Ainsi, l’aboutissement d’un certain anti juridisme mène aux confusions d’états de vie dans l’Eglise, ce qui est aussi une conséquence du manque de connaissance de la structure constitutionnelle du peuple de Dieu. Une partie de la réponse serait probablement à chercher du côté d’une meilleure définition de la vocation des laïcs, mais aussi de l’approfondissement de la vocation à une vie consacrée réellement séculière, dans le monde « hors la vie religieuse ».
 


[[2]] « La Consécration des Vierges », in Comité canonique français des religieux, Cerf 1993, p 191.
« La décision d’admettre à la consécration des vierges des femmes vivant dans le monde fait revivre l’usage antique. (…) Au début du XXème siècle, quelques prélats ( le cardinal de Cabrières, le cardinal Mercier, Mgr Mermillod, etc.) avaient bien tenté de remettre à l’honneur l’ancienne pratique, mais la sacrée Congrégation des religieux avait rejeté, le 25 mars 1927, une demande allant dans ce sens.
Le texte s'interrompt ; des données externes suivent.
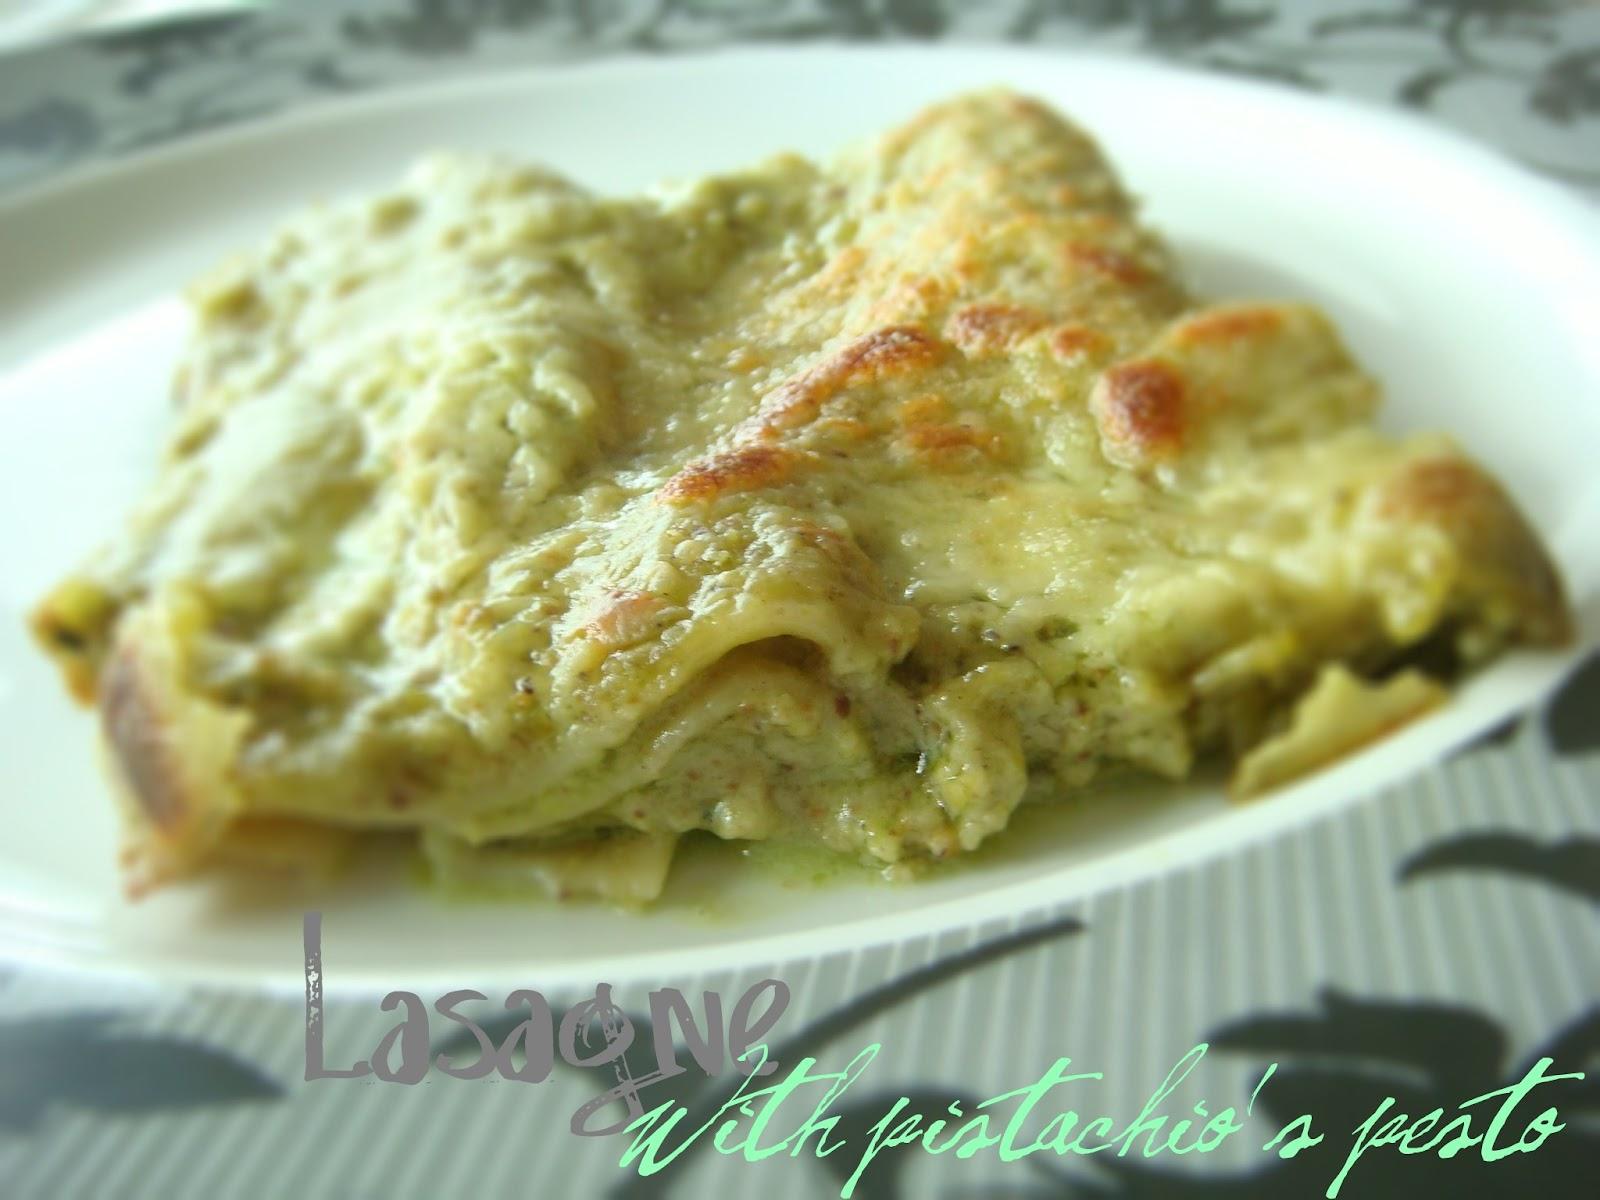 Ricetta Lasagne with pistachio s pesto Le Sagne Verdi
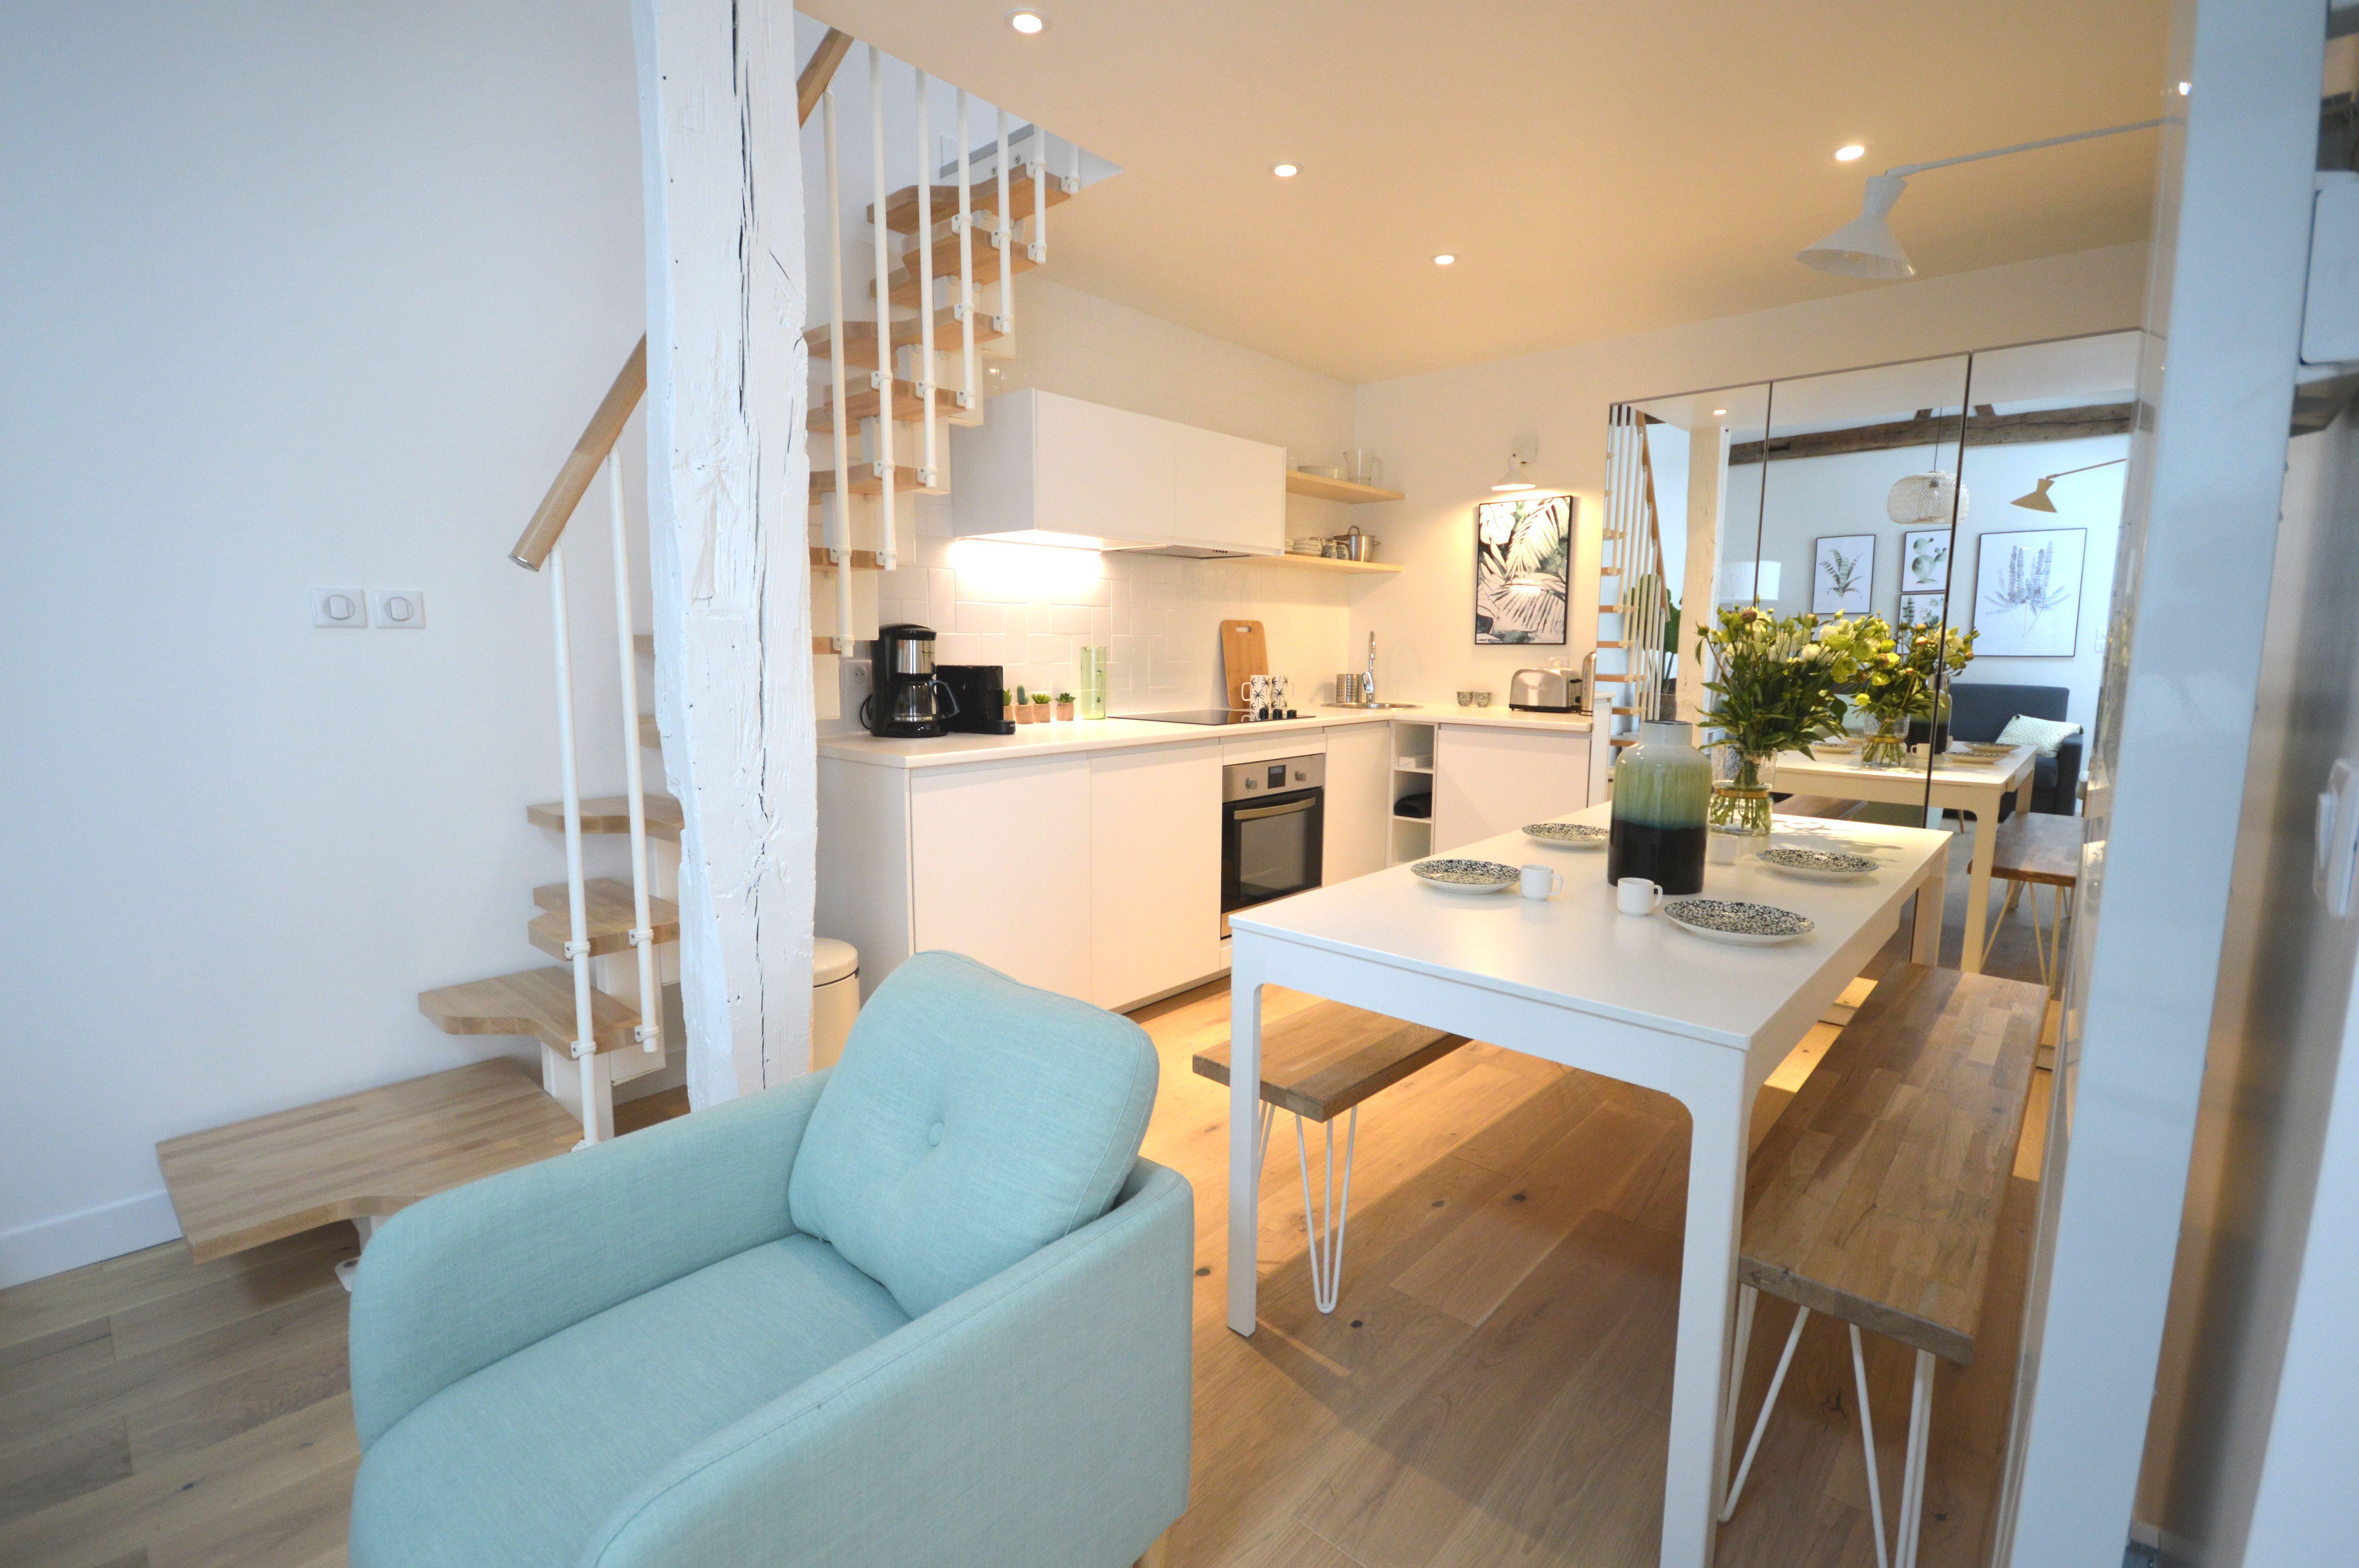 Décoration D Intérieur Dijon appartement#paris#cuisine#scandinave#blanche#verte#poutre

Le pape Pie XII, confirmant cette position, décrétait dans Sponsa Christi ( le 21 novembre 1950) que le rite de la consécration des vierges serait désormais un droit exclusif des moniales proprement dites. Le rituel de 1970 abroge heureusement cette disposition. »
 
[[3]]«  Il Diritto canonico ha una vera e propria giuridicità, che trova la sua radice e specificità nella stessa struttura costituzionale del Popolo di Dio », Julian Herranz, Il Diritto Canonico, Perché ? op. cit .
http://www.vatican.va/roman_curia/pontifical_councils/intrptxt/documents/rc_pc_intrptxt_doc_20020429_diritto-canonico_it.html
[[4]] P. DORTEL-CLAUDOT, «  Les Communautés Nouvelles, » in Vie Religieuse, Erémitisme, Consécration des Vierges, Communautés Nouvelles, Etude du Comité Canonique Français des Religieux, Editions du Cerf 1993, p 241.